TASK TO CARRY OUT – Would you please transcribe the listing exactly, with no images?

DATA SEGMENT –
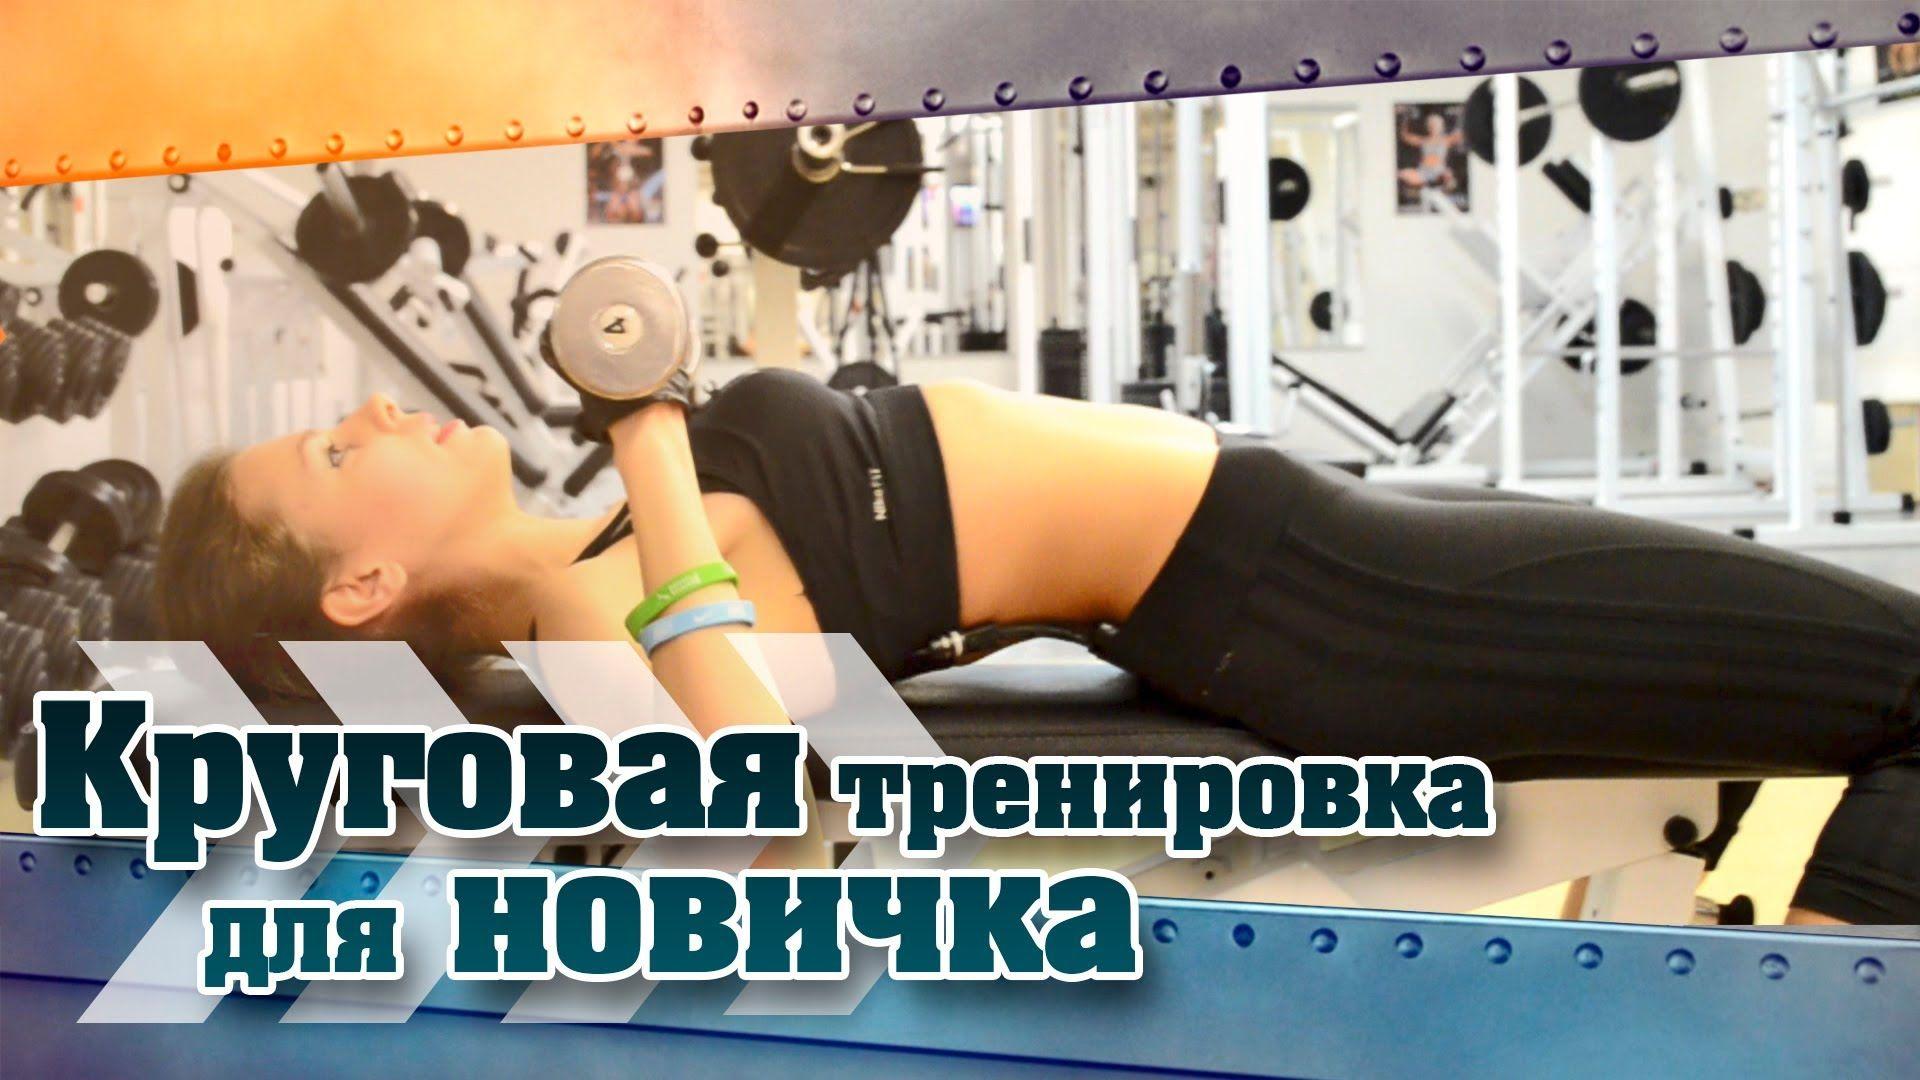 Круговая тренировка для девушек новичков в тренажерном зале
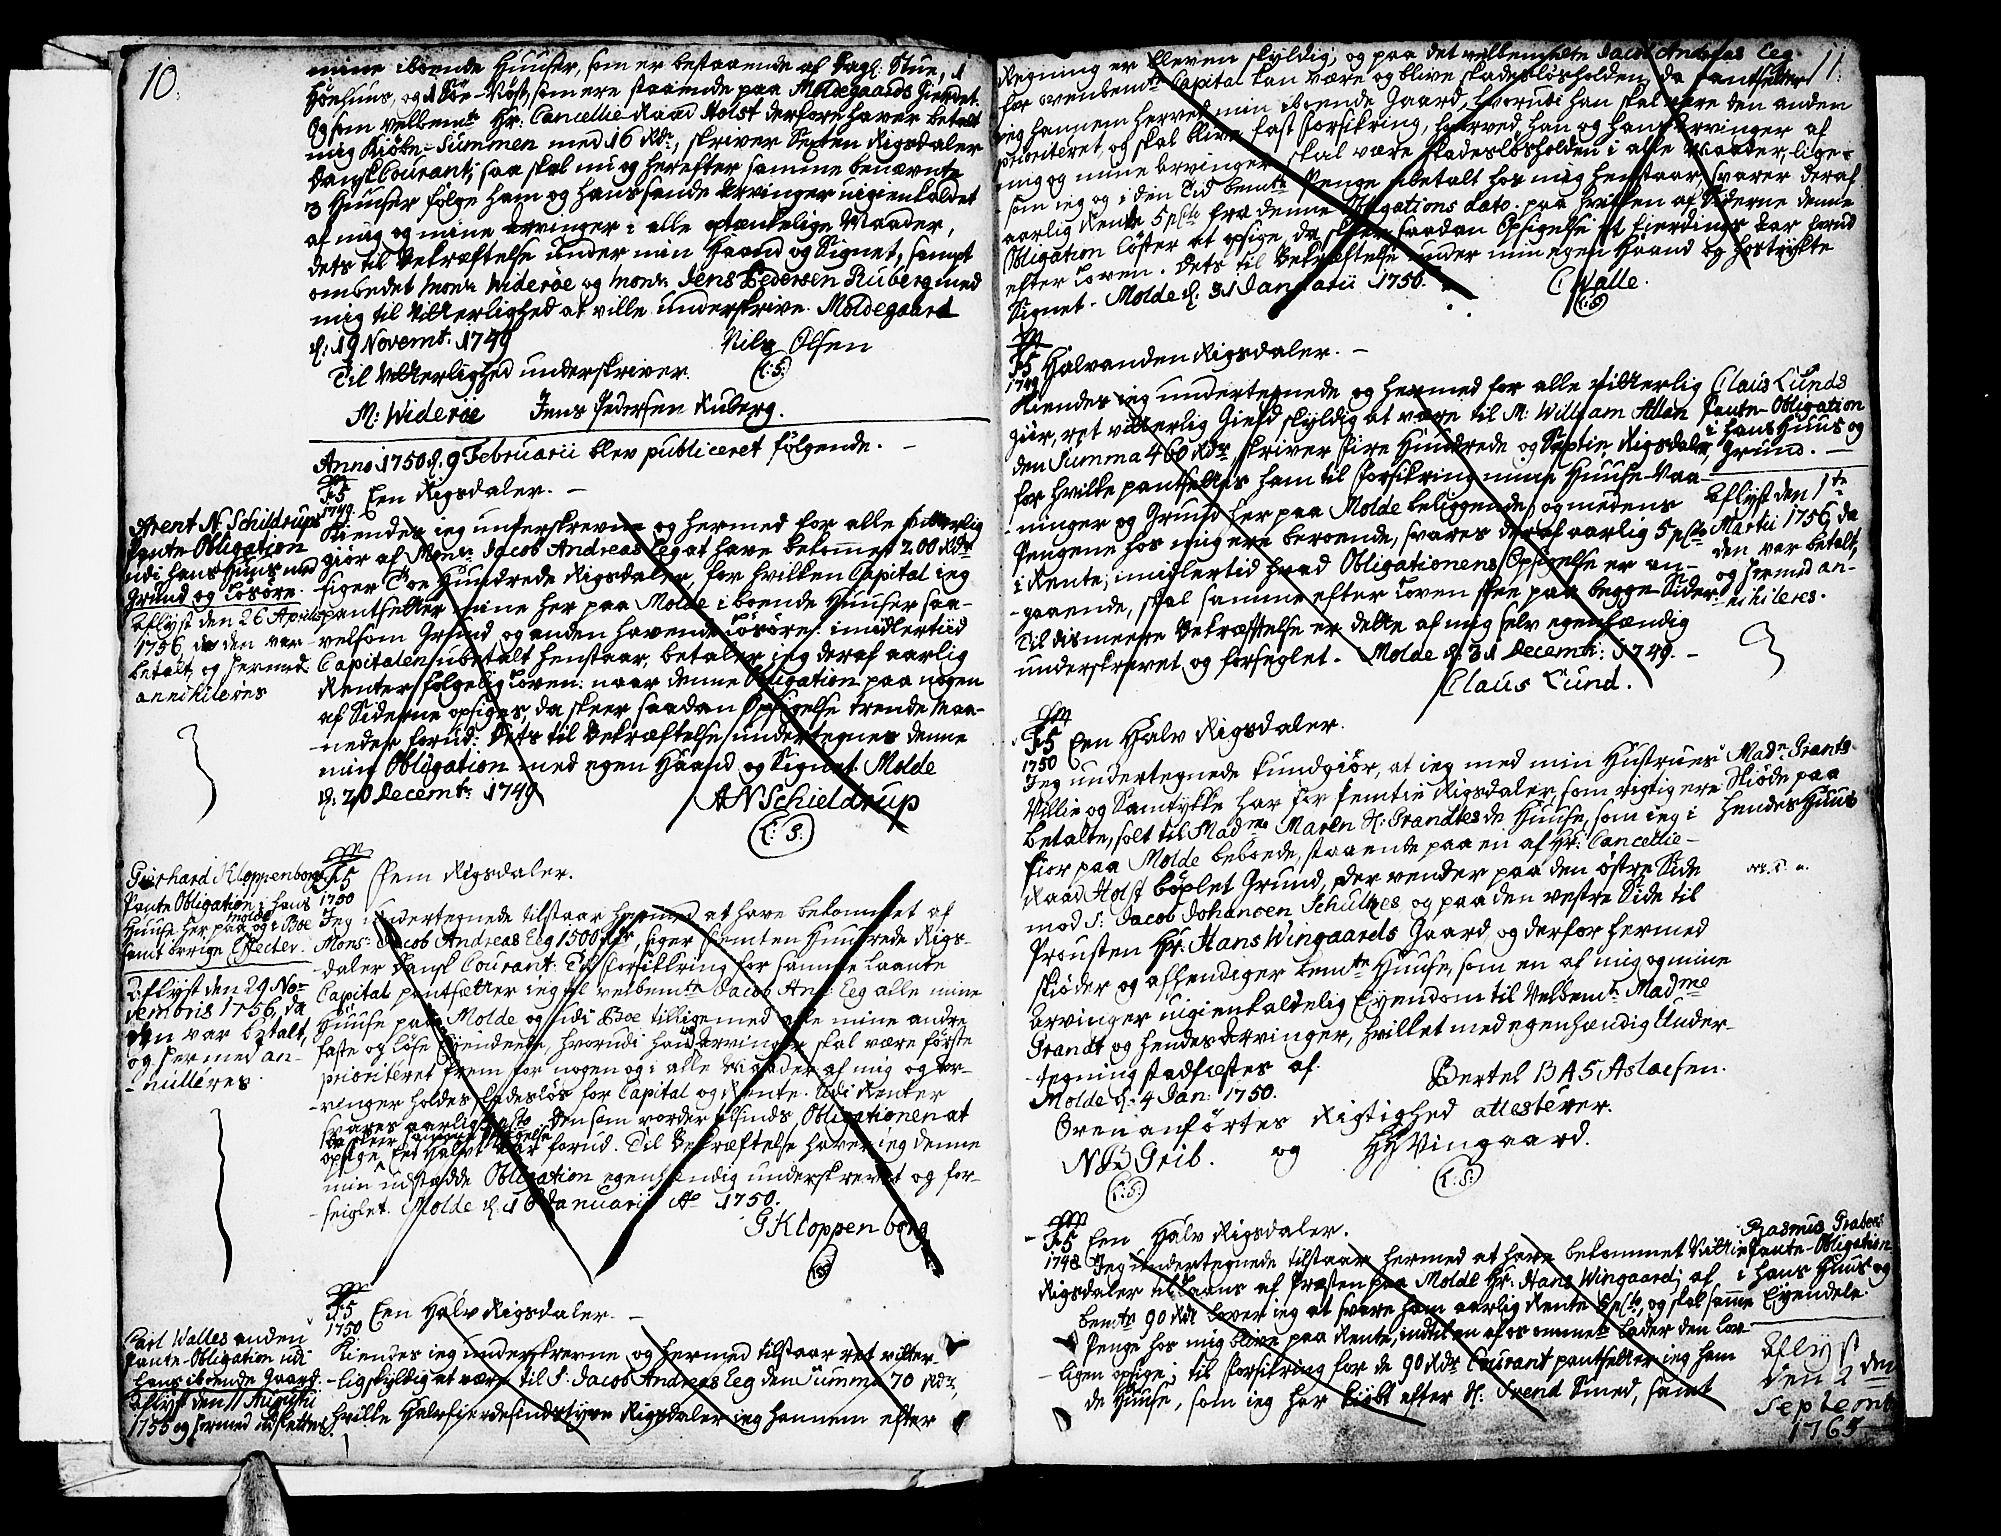 SAT, Molde byfogd, 2/2C/L0001: Pantebok nr. 1, 1748-1823, s. 10-11
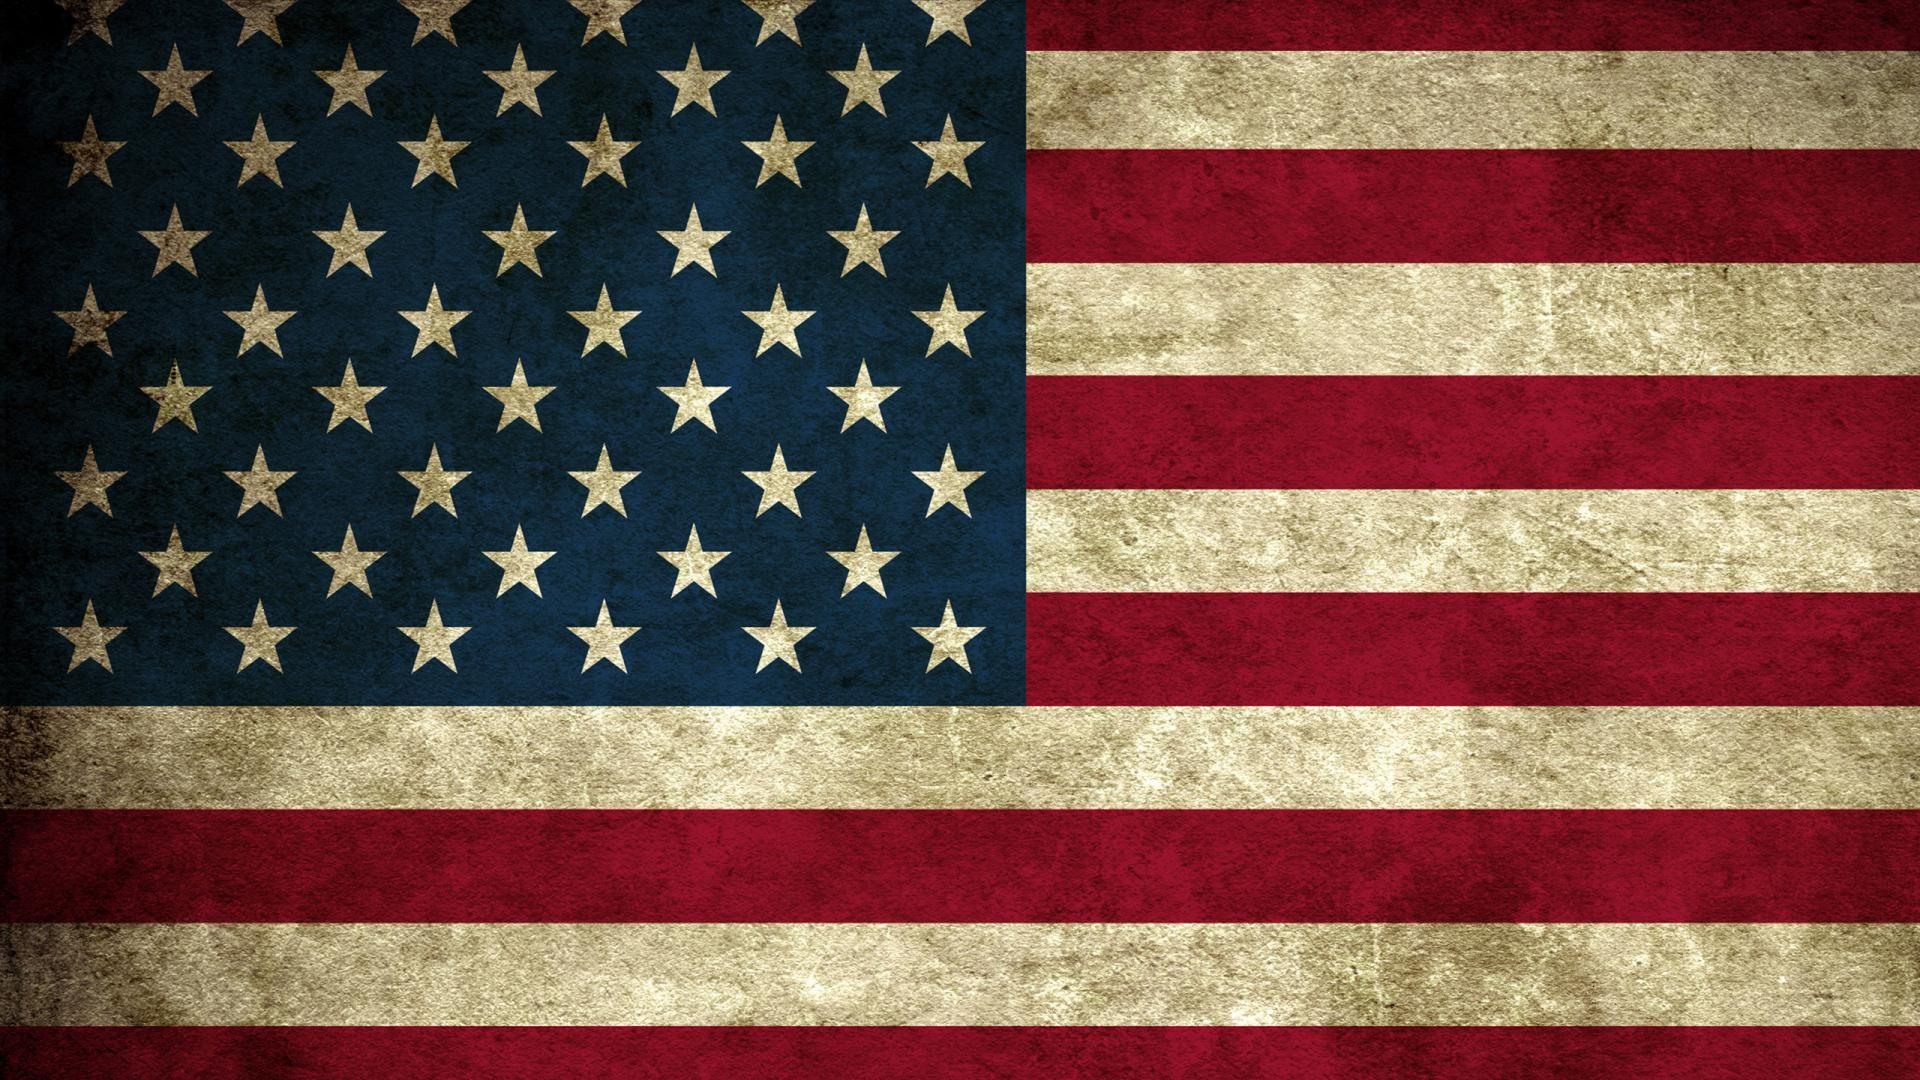 American USA Flag wallpaper hd Ideias de bandeiras

ANSWER TO THIS PROBLEM –
 Круговая тренировка для девушек новичков в тренажерном зале
 SAT, Molde byfogd, 2/2C/L0001: Pantebok nr. 1, 1748-1823, s. 10-11
 American USA Flag wallpaper hd Ideias de bandeiras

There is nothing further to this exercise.